By the time an education provider realizes that it has lost focus on learning, they may have already suffered severe, possibly irreparable damage. This a danger faced by almost every education institution, as it strives to accommodate new demands for flexible delivery technologies, trendy curriculum and course content, and student-friendly financing options. Consequences can range mild chaos and lack of direction to total collapse. Damage can result from faculty and staff disenchantment and low morale, a massive out-migration of students as the institution fails to live up to the promised educational vision, and financial pressure as tuition revenues fail to flow in, and donors refuse to continue to contribute to the organization.

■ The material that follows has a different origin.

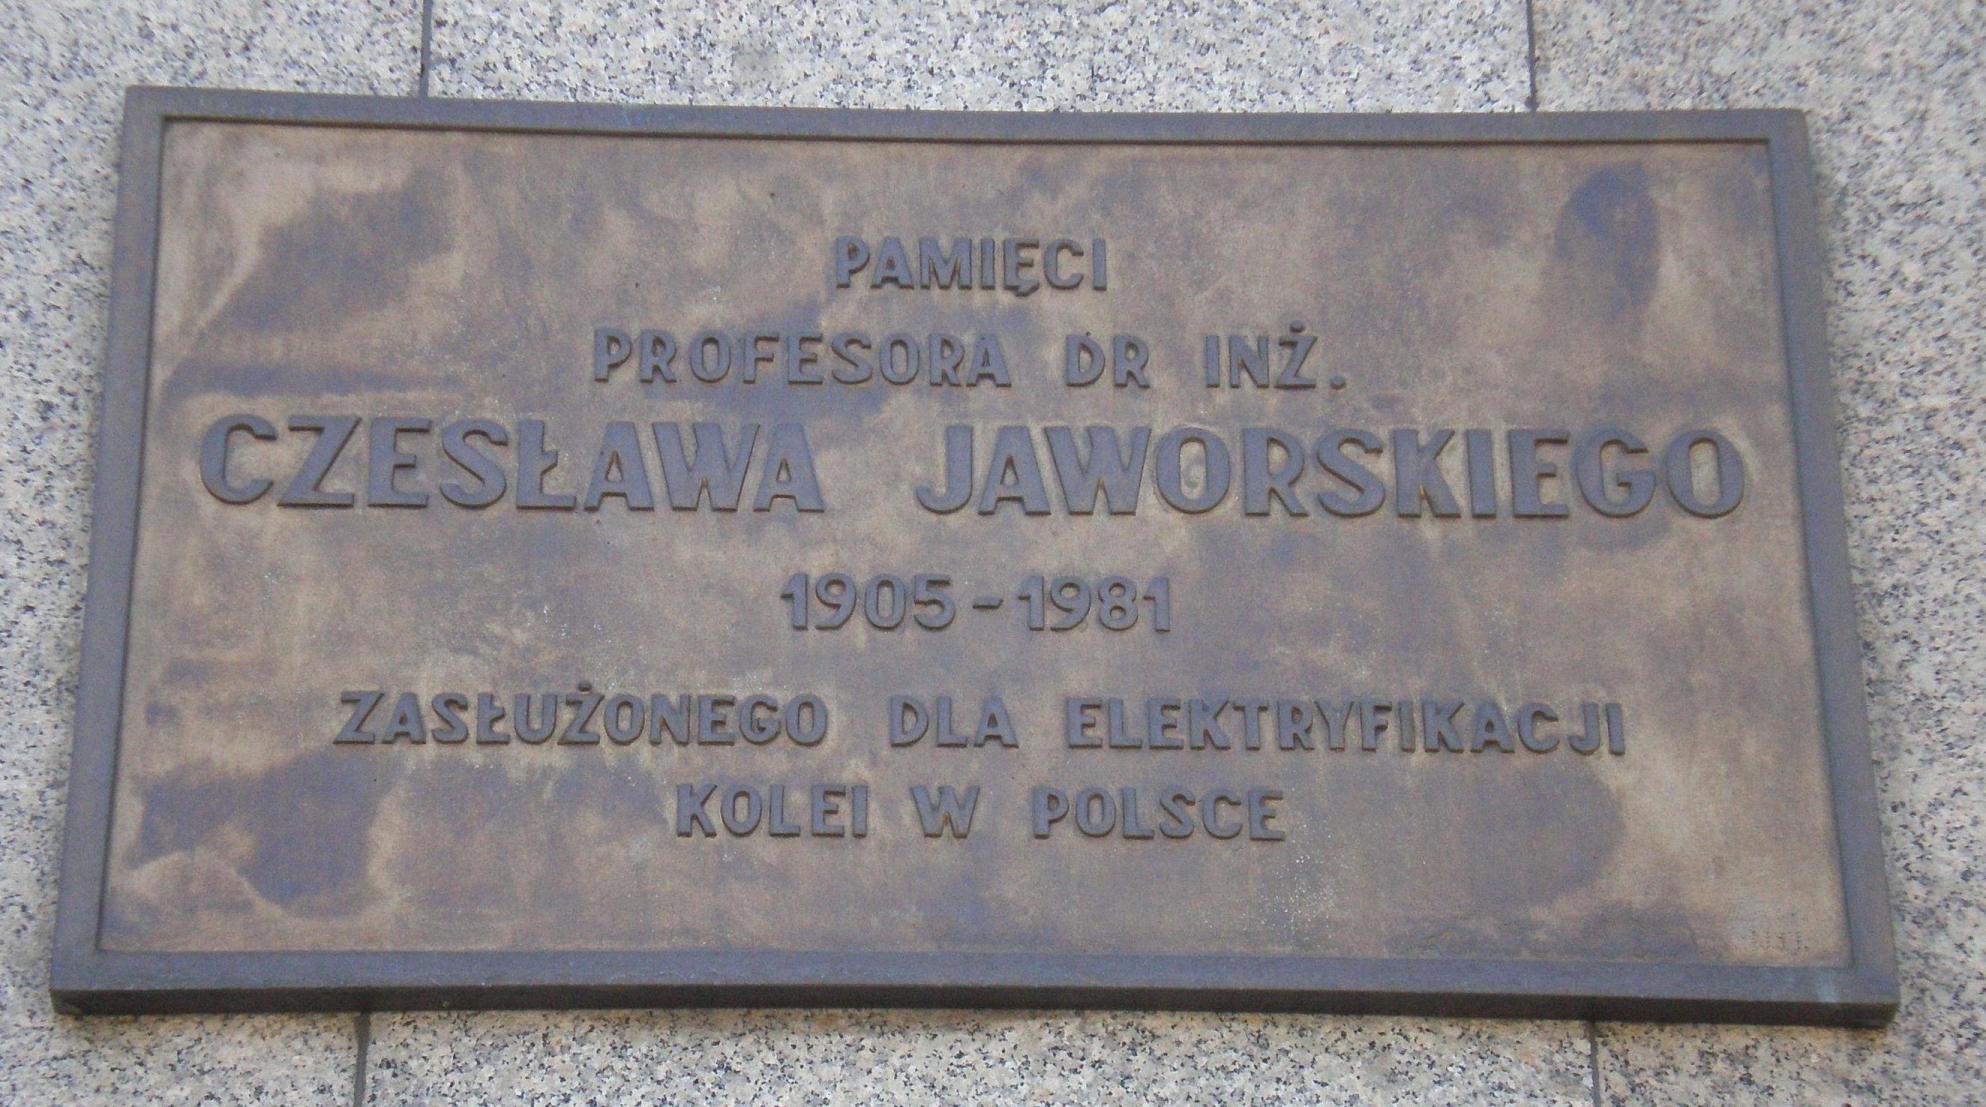 Czesław Jaworski (inżynier)
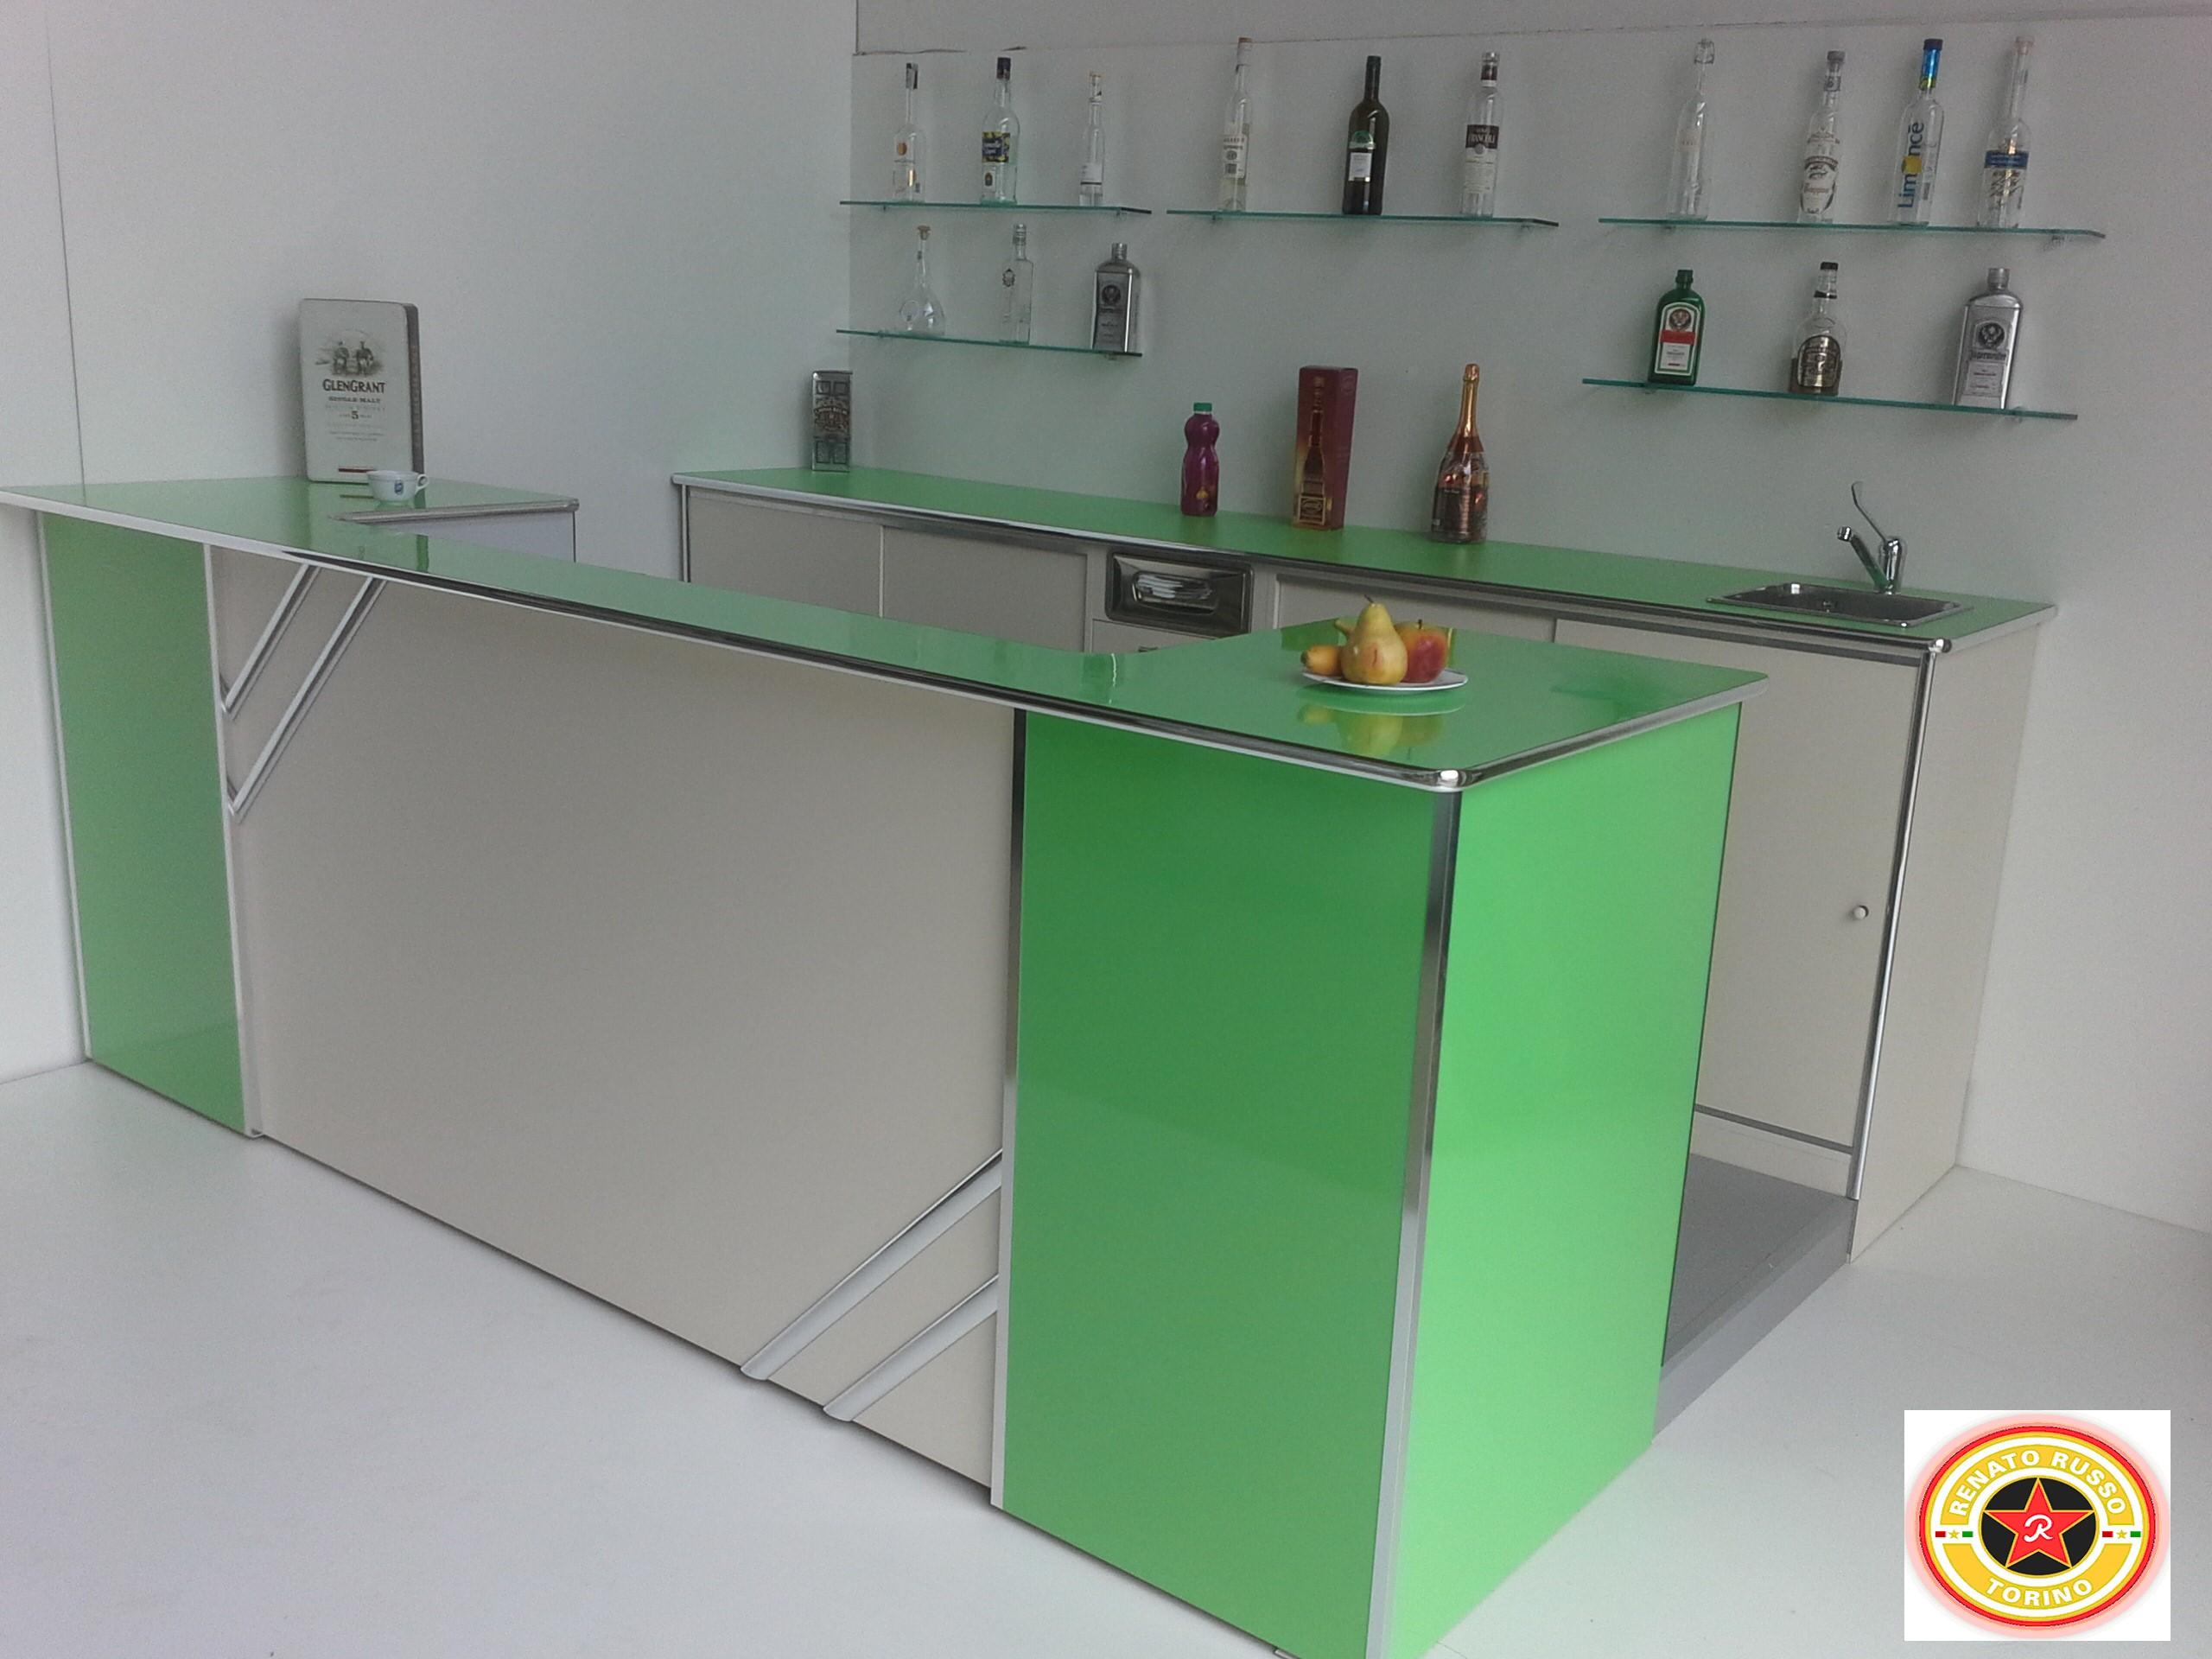 Beautiful Tavoli Da Bar Usati Photos - ubiquitousforeigner.us ...

The loss of vision is almost a natural outgrowth of rapid change, particularly if the institution’s leadership has been in flux. As education providers scramble to meet the needs of their constituencies, an unconscious shift of emphasis can occur. Rather than making sure that the stated learning outcomes are the outcomes that are really being achieved, production and delivery milestones take center stage. Statistics gathered on enrollment, revenues, course completion, support services utilized, and even learner satisfaction can be specious, and provide deceptive results. They often do not really provide an accurate sense of whether or not students are emerging with educational outcomes that have any bearing at all with the institution’s mission, vision, or objectives. The education provider easily loses sight of its own sense of identity as production-centered activities keep day-to-day operations mired in details.
Warning signs that an education provider has lost focus on learning are many and complex. For simplicity, this article will narrow them down to a “top ten” list.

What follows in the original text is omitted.